Oblique contact ball bearing and turbocharger

Abstract

An oblique contact ball bearing 2 has a curvature radius of a raceway 21 of an outer ring 10 which is reduced toward a bottom 21A of the raceway 21 in a cross-section of the outer ring 10 cut in a plane containing a central axis of the outer ring 10. According to the oblique contact ball bearing 2, a distance Δx1 between the bottom 21A of the raceway 21 of the outer ring 10 and balls 12 can be made greater without increasing a contact angle θ of the ball 12 than the case where the curvature radius of the raceway 21 of the outer ring 10 is constant. Even if a temperature difference occurs between an inner ring and the outer ring, a clearance clogging can be avoided, and the balls are smoothly rotated to prevent early peeling.

Description

TECHNICAL FIELD

The present invention relates to an oblique contact ball bearing (angular contact ball bearing), and more specifically relates to an oblique contact ball bearing suitable for use with large temperature difference between an inner ring and an outer ring and useful, for example, as an oblique contact ball bearing for a turbocharger.

BACKGROUND ART

As an example of conventional oblique contact ball bearings, there is an oblique contact ball bearing 110 placed between a turbine shaft 101 of a turbocharger and a housing 102 as shown in FIG. 3A. The oblique contact ball bearing 110 is composed of an inner ring 103 engaged with an outer peripheral face of the turbine shaft 101, an outer ring 104 engaged with an inner peripheral face of the housing 102, and a ball 105 rotatably interposed between a raceway 103A of the inner ring 103 and a raceway 104A of the outer ring 104. It is to be noted that a thick end face 104A of the outer ring 104 is pressed by a spring 106 in the axial direction so that a preload is applied to the bearing 110.

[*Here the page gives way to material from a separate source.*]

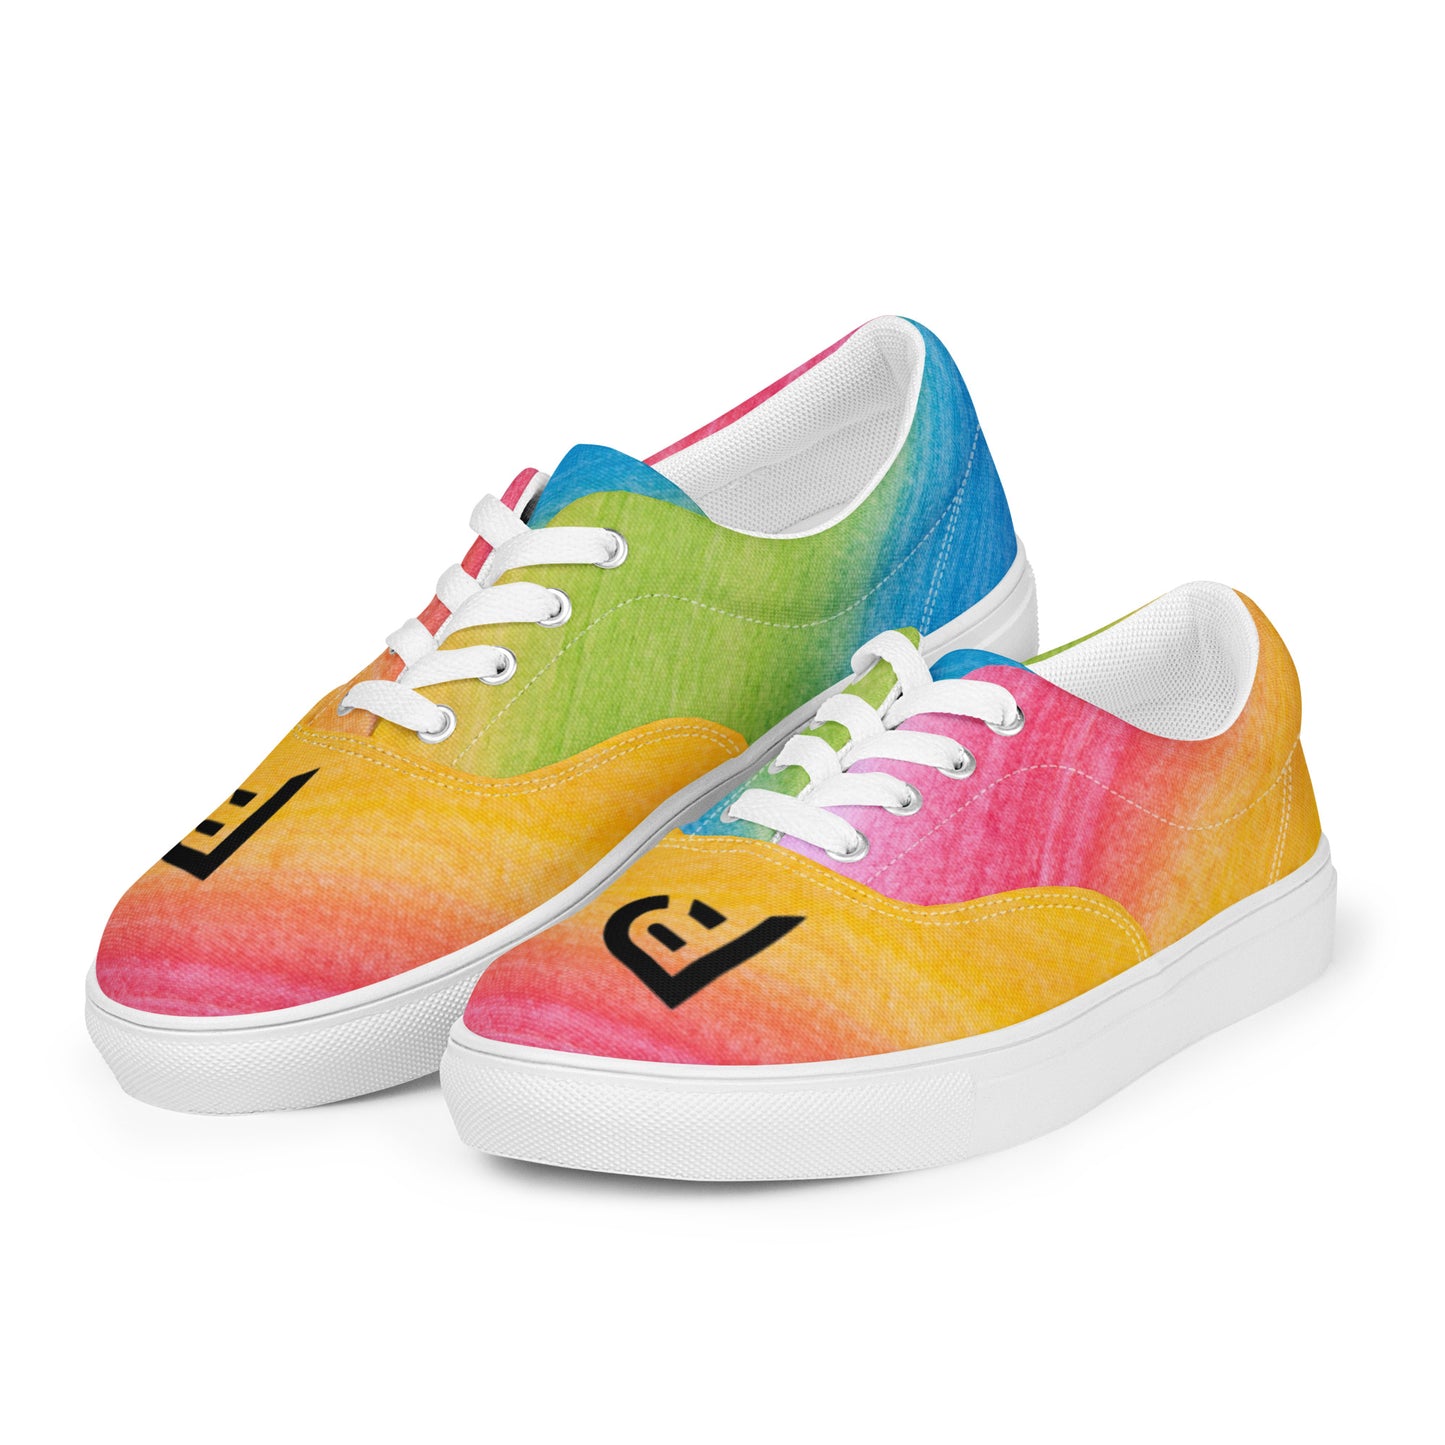 Red Weapon Pastel Low Top Canvas Shoes

Since the turbocharger is structured such that turbine blades are rotated by high-temperature exhaust gas, the temperature of the turbine shaft 101 becomes high. Thereby, the temperature of the inner ring 103 of the oblique contact ball bearing 110 is increased, while the housing 102 is cooled by a coolant.

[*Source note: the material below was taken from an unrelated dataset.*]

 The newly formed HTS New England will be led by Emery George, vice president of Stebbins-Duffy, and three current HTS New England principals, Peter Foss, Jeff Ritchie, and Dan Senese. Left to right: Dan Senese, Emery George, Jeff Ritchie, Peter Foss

Consequently, in the case where, for example, the housing 102 is supercooled, a temperature difference becomes large between the inner ring 103 and the outer ring 104 of the oblique contact ball bearing 110. Thus, due to a thermal expansion difference between the inner ring 103 and the outer ring 104, the outer ring 104 shifts from a state described by a chain line to another state described by a solid line. This movement of the outer ring 104 decreases a contact angle of the ball 105, so that the ball 105 is much compressed by the raceway 104A of the outer ring 104 and the raceway 103A of the inner ring 103. Thereby, smooth rotational movement of the ball 105 is disturbed. More particularly, there is a problem that the balls 105 clog in a clearance between the inner ring 103 and the outer ring 104, so that peeling occurs at an early stage on a bottom of the raceway 104A of the outer ring 104 and/or on a bottom of the raceway 103A of the inner ring 103.

DISCLOSURE OF INVENTION

Subjects to be Solved by the Invention

An object of the present invention is to provide an oblique contact ball bearing capable of avoiding a clearance clogging and preventing generation of early peeling by smooth ball rotation even if a temperature difference occurs between an inner ring and an outer ring.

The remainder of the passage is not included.